(ASSIGNMENT): Keep only the lines that hold the string "familia", filtering out the rest of the entries below.

(Dataset records)
------
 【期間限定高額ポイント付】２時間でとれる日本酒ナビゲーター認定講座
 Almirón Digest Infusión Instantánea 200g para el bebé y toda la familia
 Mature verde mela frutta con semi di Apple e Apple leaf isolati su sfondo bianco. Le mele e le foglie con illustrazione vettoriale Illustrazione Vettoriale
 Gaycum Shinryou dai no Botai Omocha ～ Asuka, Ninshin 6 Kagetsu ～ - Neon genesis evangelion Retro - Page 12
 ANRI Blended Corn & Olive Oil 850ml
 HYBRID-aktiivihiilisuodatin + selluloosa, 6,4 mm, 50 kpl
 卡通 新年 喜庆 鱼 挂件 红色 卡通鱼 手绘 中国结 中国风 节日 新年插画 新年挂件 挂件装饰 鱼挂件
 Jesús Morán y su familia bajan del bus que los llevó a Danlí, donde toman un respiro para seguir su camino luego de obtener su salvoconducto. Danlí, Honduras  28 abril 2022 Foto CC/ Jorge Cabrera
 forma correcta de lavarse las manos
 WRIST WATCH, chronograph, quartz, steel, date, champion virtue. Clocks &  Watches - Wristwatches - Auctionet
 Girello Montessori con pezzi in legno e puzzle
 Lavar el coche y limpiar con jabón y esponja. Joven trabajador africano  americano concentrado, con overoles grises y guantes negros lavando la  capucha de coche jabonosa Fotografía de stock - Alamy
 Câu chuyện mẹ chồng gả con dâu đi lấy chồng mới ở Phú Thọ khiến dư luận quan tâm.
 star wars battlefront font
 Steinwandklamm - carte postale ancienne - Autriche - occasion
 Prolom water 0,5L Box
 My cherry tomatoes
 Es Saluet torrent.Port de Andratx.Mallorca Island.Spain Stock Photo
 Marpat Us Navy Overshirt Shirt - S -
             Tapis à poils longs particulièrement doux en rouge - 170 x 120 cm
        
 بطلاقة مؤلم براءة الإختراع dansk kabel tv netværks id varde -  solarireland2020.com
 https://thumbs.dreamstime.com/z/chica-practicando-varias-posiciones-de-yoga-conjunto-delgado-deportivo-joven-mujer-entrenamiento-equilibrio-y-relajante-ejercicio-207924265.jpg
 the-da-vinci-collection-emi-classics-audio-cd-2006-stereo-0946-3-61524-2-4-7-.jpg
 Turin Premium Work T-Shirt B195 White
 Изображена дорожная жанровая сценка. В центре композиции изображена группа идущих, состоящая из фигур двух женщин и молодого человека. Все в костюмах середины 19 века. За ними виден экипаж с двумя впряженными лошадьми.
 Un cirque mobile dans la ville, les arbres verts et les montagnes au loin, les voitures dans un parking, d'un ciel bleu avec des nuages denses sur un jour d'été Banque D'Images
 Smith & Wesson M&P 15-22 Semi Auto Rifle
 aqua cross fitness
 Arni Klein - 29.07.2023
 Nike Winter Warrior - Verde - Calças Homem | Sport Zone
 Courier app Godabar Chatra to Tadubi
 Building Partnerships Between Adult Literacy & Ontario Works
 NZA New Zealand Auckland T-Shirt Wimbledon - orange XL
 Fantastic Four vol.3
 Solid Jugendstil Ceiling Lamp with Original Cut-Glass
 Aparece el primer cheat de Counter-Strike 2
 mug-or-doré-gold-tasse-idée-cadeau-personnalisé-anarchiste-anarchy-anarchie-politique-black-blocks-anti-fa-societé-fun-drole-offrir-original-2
------
(TASK OUTPUT):
 Almirón Digest Infusión Instantánea 200g para el bebé y toda la familia
 Jesús Morán y su familia bajan del bus que los llevó a Danlí, donde toman un respiro para seguir su camino luego de obtener su salvoconducto. Danlí, Honduras  28 abril 2022 Foto CC/ Jorge Cabrera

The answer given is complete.